The piano training method according to claim 16, further comprising:

A user's hand image including piano keys is selected from the user's hand image for identifying the user's hand data.
The piano training method according to claim 16, further comprising:

obtaining the touch force data of the user;

Comparing the user's key-touching force data with the corresponding reference key-touching force data stored in the database to obtain the degree of matching between the user's key-touching force data and the corresponding reference key-touching force data;

Based on the matching degree between the user audio data and the corresponding reference audio data, the matching degree between the user hand data and the corresponding reference hand data, and the user touch force data and the corresponding reference The matching degree of the touch velocity data and/or the user's overall playing error, and the playing result is fed back to the user.
An intelligent piano training system, comprising:

The audio and video acquisition unit is used to obtain the audio information and video information of the user's piano performance;

A data extraction unit for extracting user audio data from the audio information, and intercepting a user hand image corresponding to the user audio data and/or a 2D image including a complete piano keyboard from the video information;

A data recognition unit for recognizing user hand data in said user hand image through a hand model, and/or from said 2D image through an intelligent recognition system for assisting piano teaching as claimed in claim 12 Identifying whether there is a playing error, wherein the hand model takes the hand image as input data, and takes the hand data in the hand image as output data, and is obtained by training a neural network;

A data matching unit is configured to compare the user audio data with the corresponding reference audio data in the audio database, obtain the degree of matching between the user audio data and the corresponding reference audio data, and compare the user hand data with the corresponding reference audio data.
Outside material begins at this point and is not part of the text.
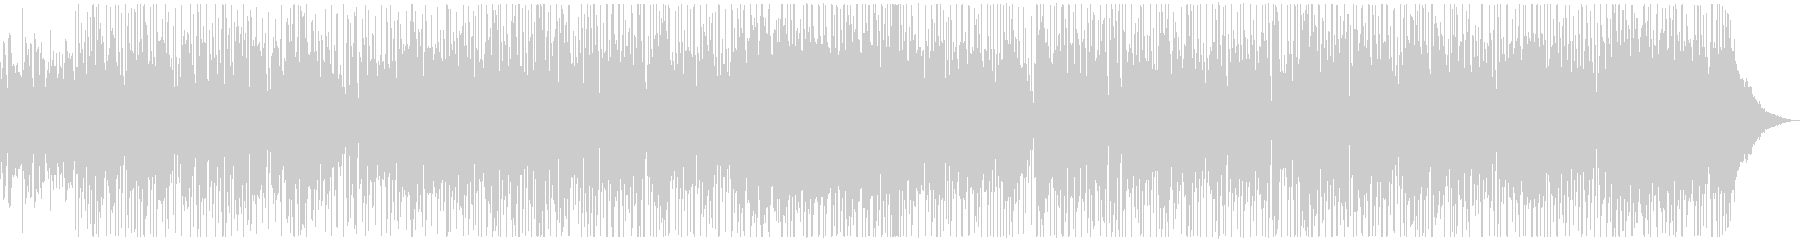 サックスの深夜帯CM風ロックの未再生の波形
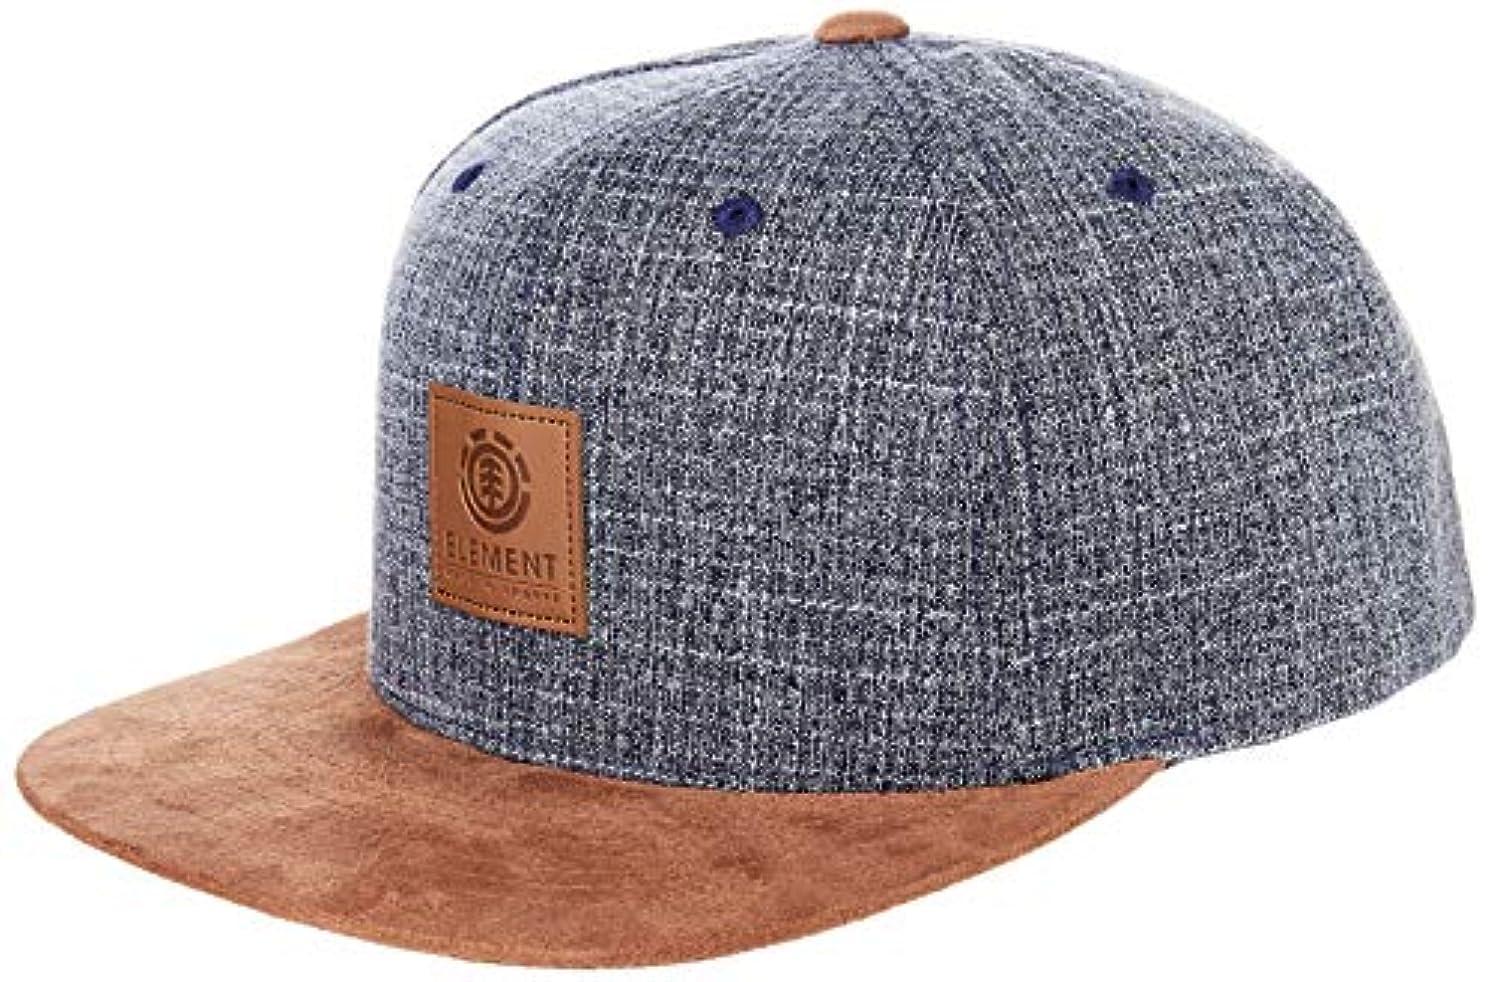 刻むメガロポリスレジ[エレメント] [ユニセックス] スナップバック キャップ (サイズ調整可能)[ AI022-901 / STATE II CAP ] 帽子 おしゃれ

Comparing with the corresponding reference hand data in the hand database, obtaining the degree of matching between the user's hand data and the corresponding reference hand data;

A user interaction unit, configured to match the user audio data with the corresponding reference audio data and the user hand data with the corresponding reference hand data and/or all playing by the user Error, feedback the playing result to the user.
The piano training system of claim 30, wherein the user interaction unit is further configured to:

prompting the user the key information corresponding to the corresponding reference audio data; and/or

prompting the user for the hand motion corresponding to the corresponding reference hand data; and/or

Playing errors and wrong positions are prompted to the user.
The piano training system of claim 30, wherein the video and audio capture unit includes an audio capture device and a video capture device, and wherein the video capture device includes one or more monocular cameras, binocular cameras, or Depth camera, the video capture device is fixed around the piano to capture hand video information at a fixed point, or is installed on the slide rail to automatically track and capture hand video information.
The piano training system according to claim 30, further comprising: a sensor, which is installed under the piano keys and is used to collect data on the touch force of the keys when the user plays the piano.
A storage medium for smart piano training, wherein a computer program is stored, and when the computer program is executed by a processor, it can be used to implement the method of any one of claims 16-29.
An electronic device for intelligent piano training, comprising a processor and a memory, wherein a computer program is stored in the memory, and when the computer program is executed by the processor, it can be used to realize any one of claims 16-29 the method described.